[Start of Attachment]
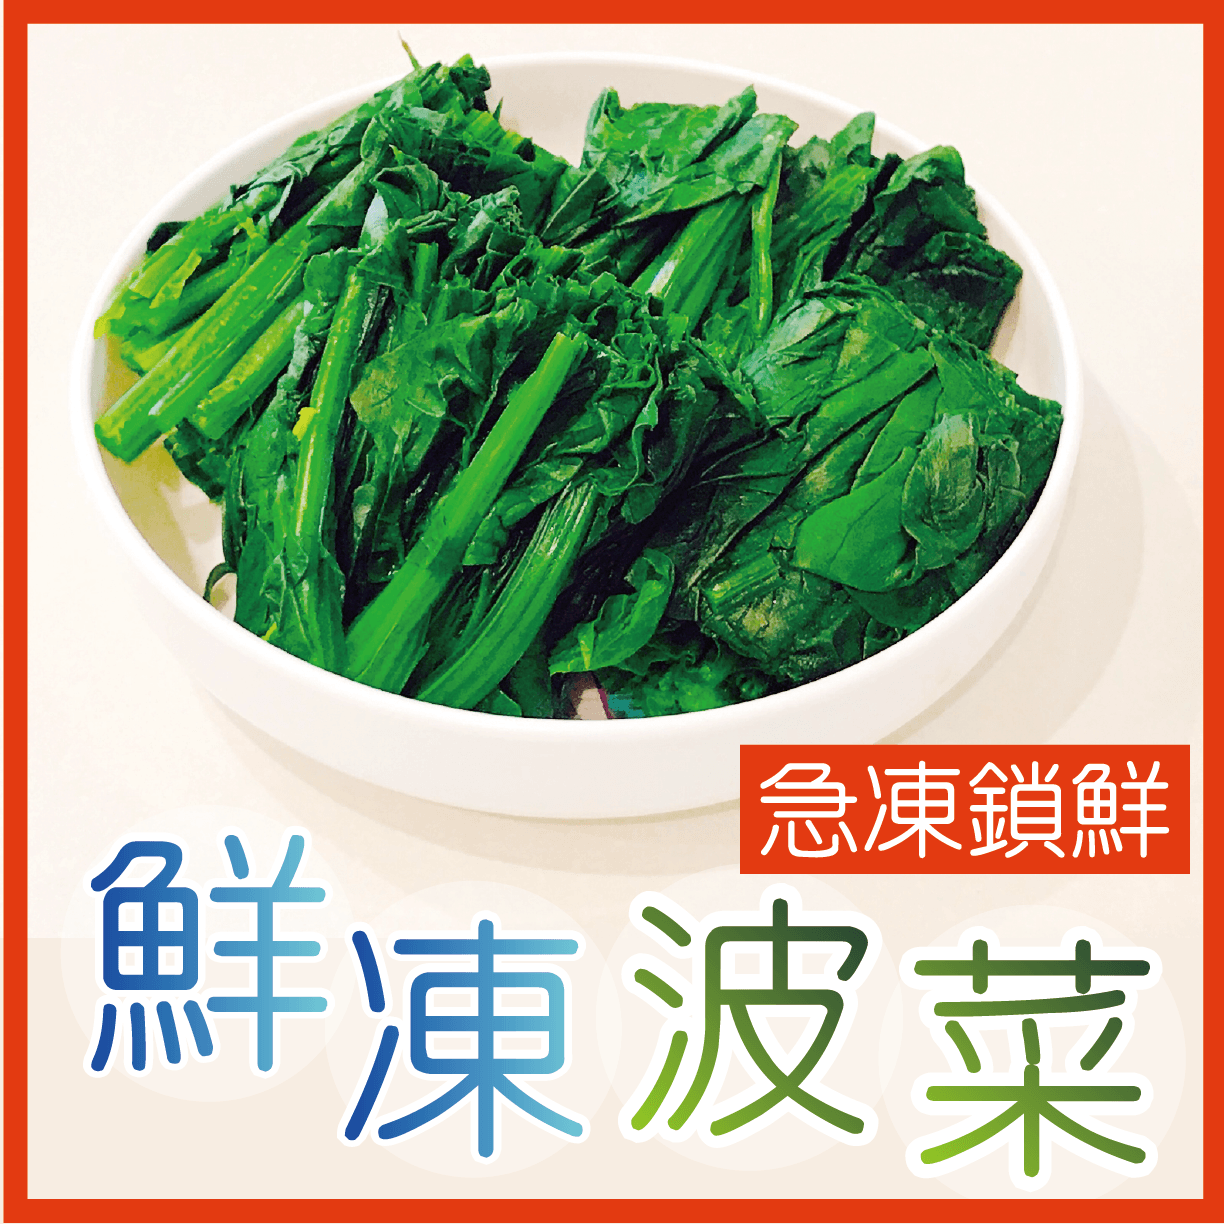 【田食原】新鮮冷凍菠菜450g IQF急速冷凍 快速調理 好吃方便 養生健康 減醣健身 低熱量 團購美食
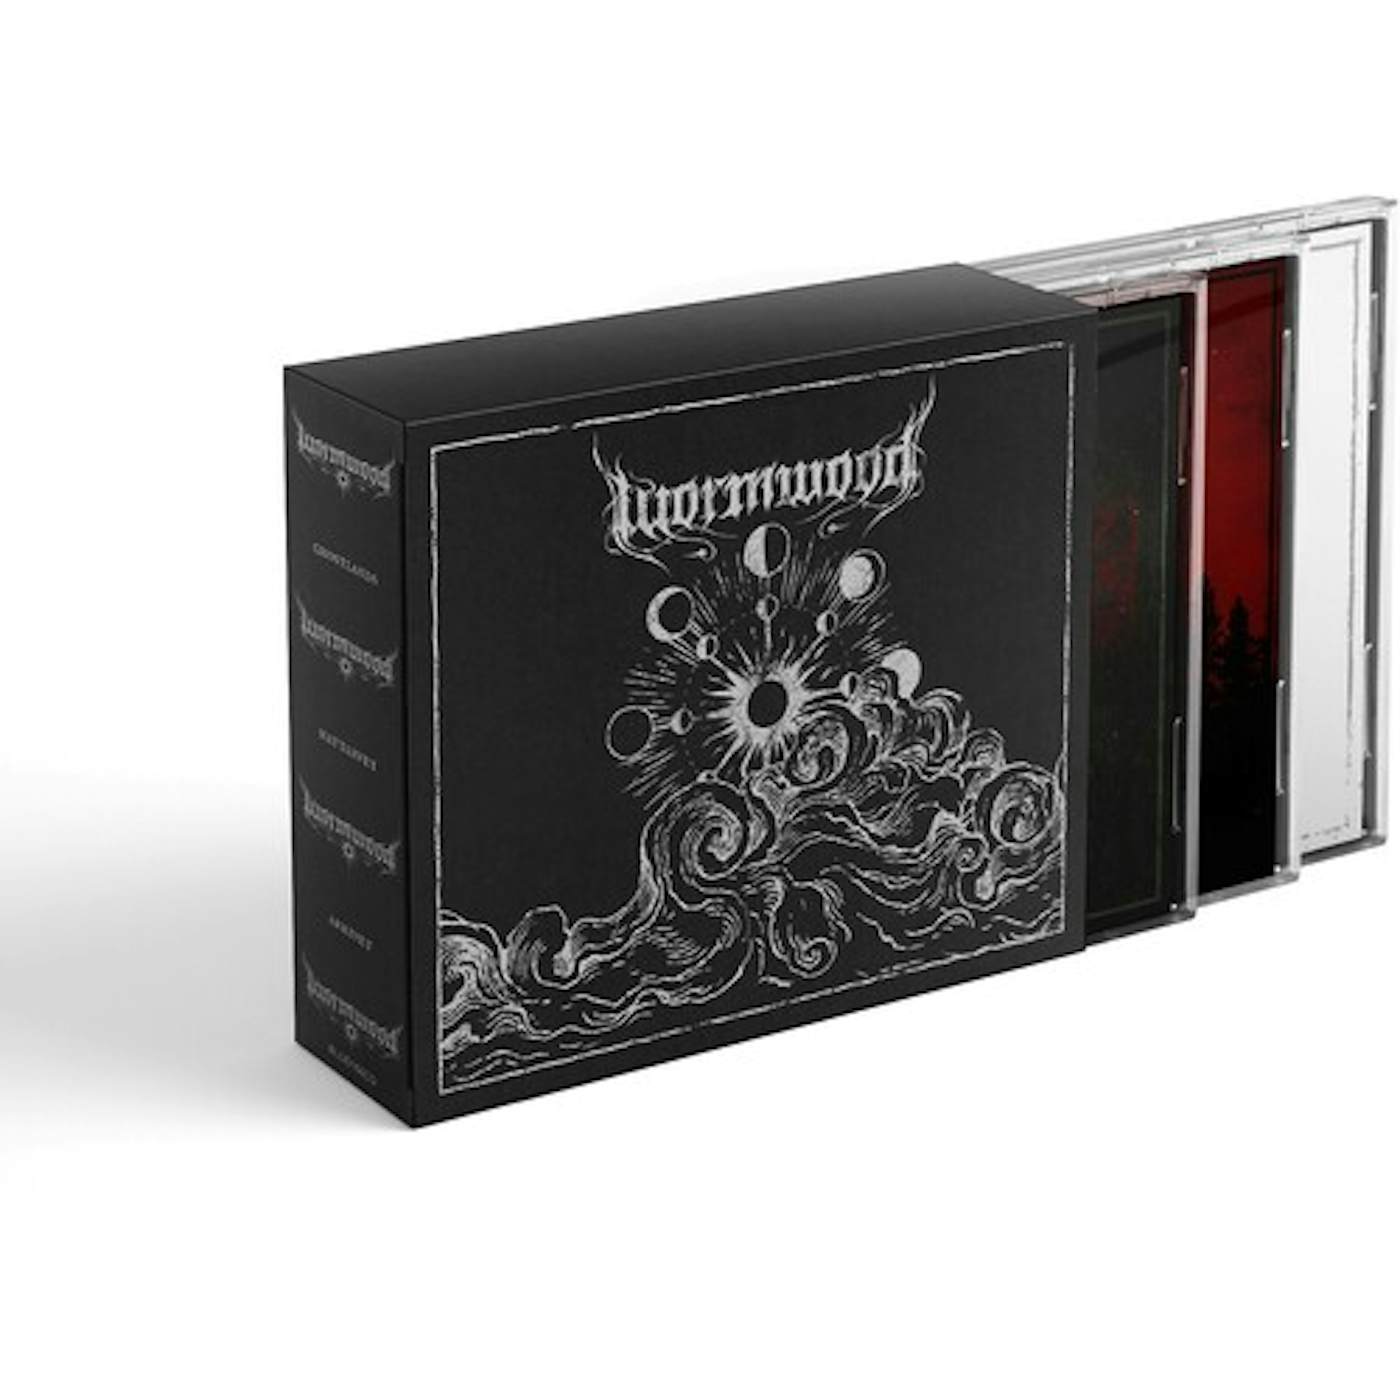 Wormwood 3CD BOX (GHOSTLANDS NATTARVET & ARKIVET)
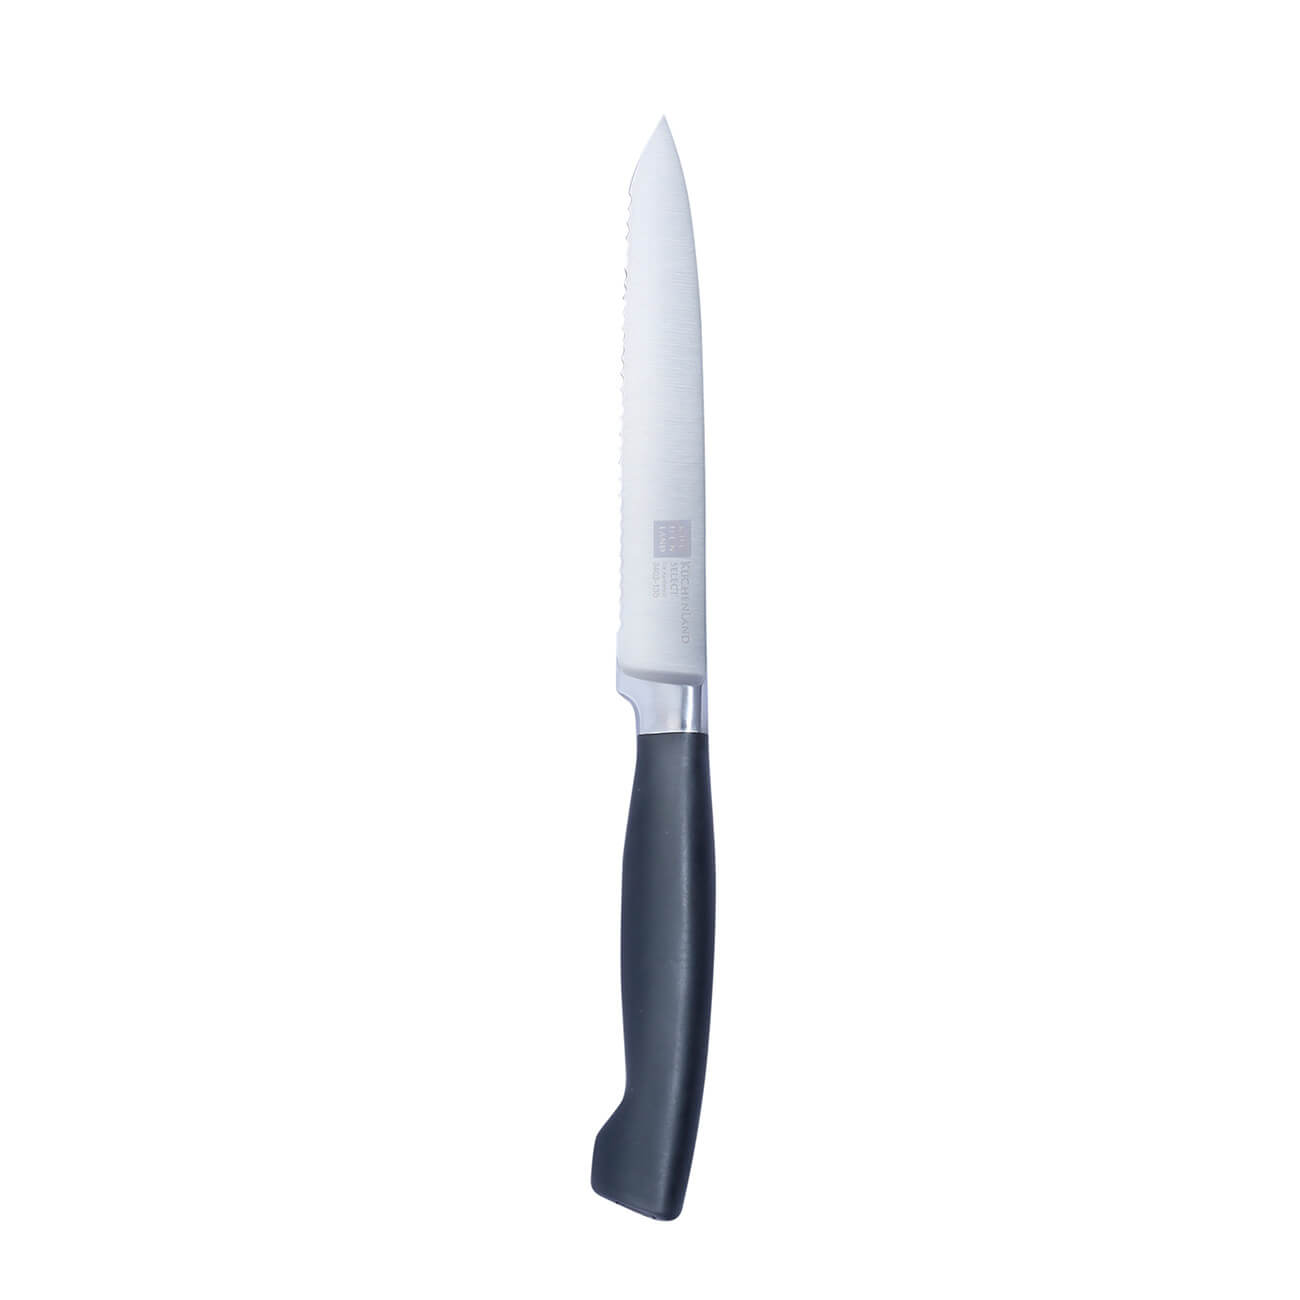 Kuchenland Нож универсальный, 13 см, сталь/пластик, Select инструменты для моделирования и придания формы набор 4 шт пластик 16 см
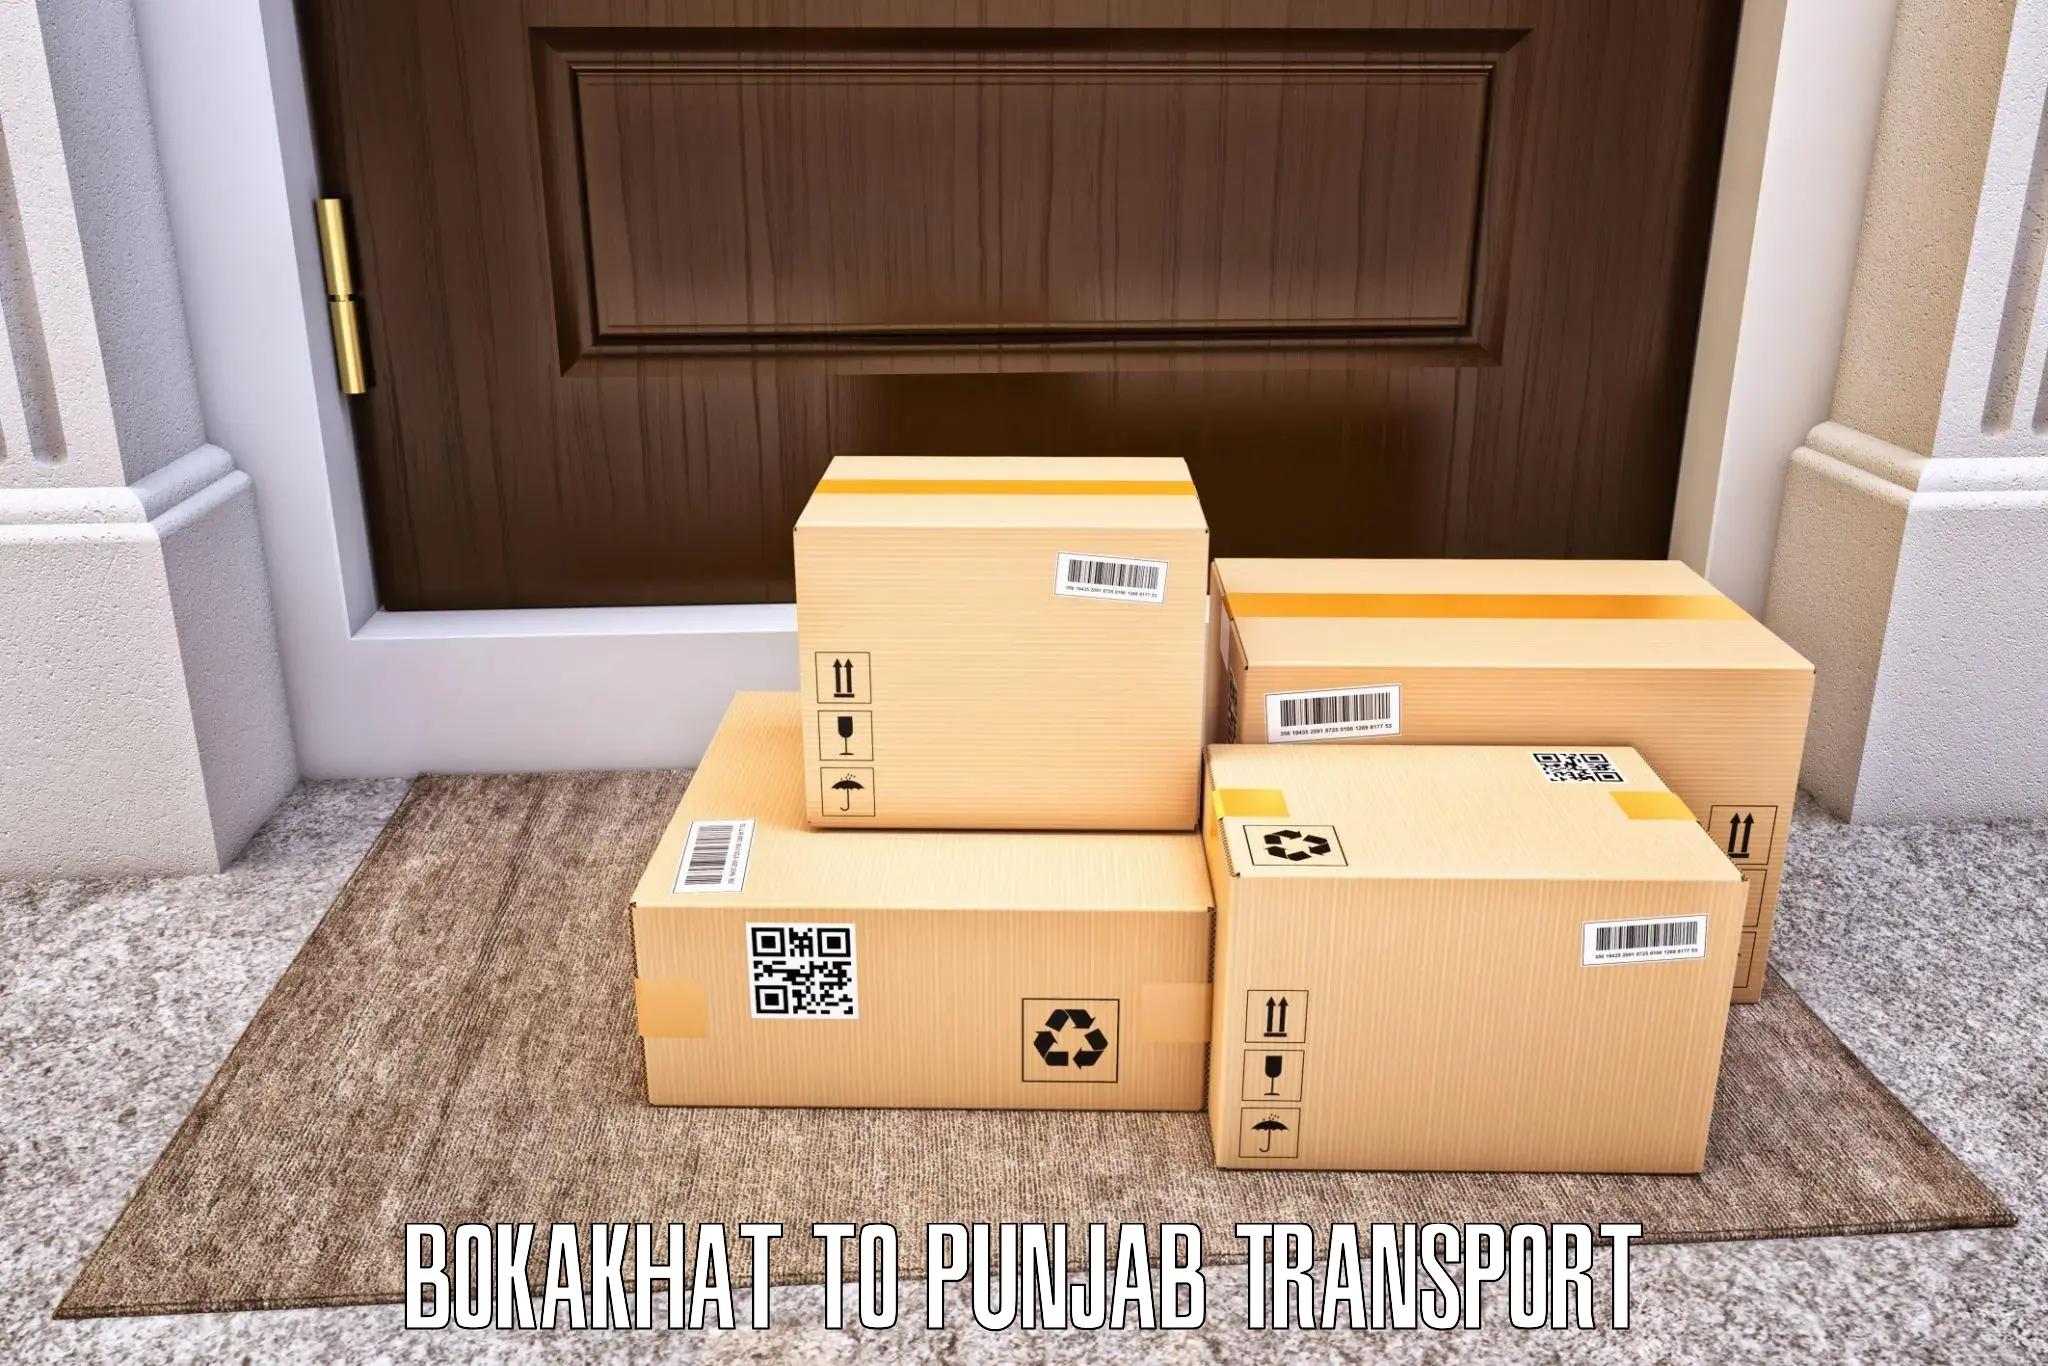 Cargo transportation services Bokakhat to Sunam
[End of Attachment]
● **Work instruction**
Your copy should match the material above exactly, minus its pictures.

● **Result**
 【田食原】新鮮冷凍菠菜450g IQF急速冷凍 快速調理 好吃方便 養生健康 減醣健身 低熱量 團購美食
 Wormwood 3CD BOX (GHOSTLANDS NATTARVET & ARKIVET)
 Kuchenland Нож универсальный, 13 см, сталь/пластик, Select инструменты для моделирования и придания формы набор 4 шт пластик 16 см
 Cargo transportation services Bokakhat to Sunam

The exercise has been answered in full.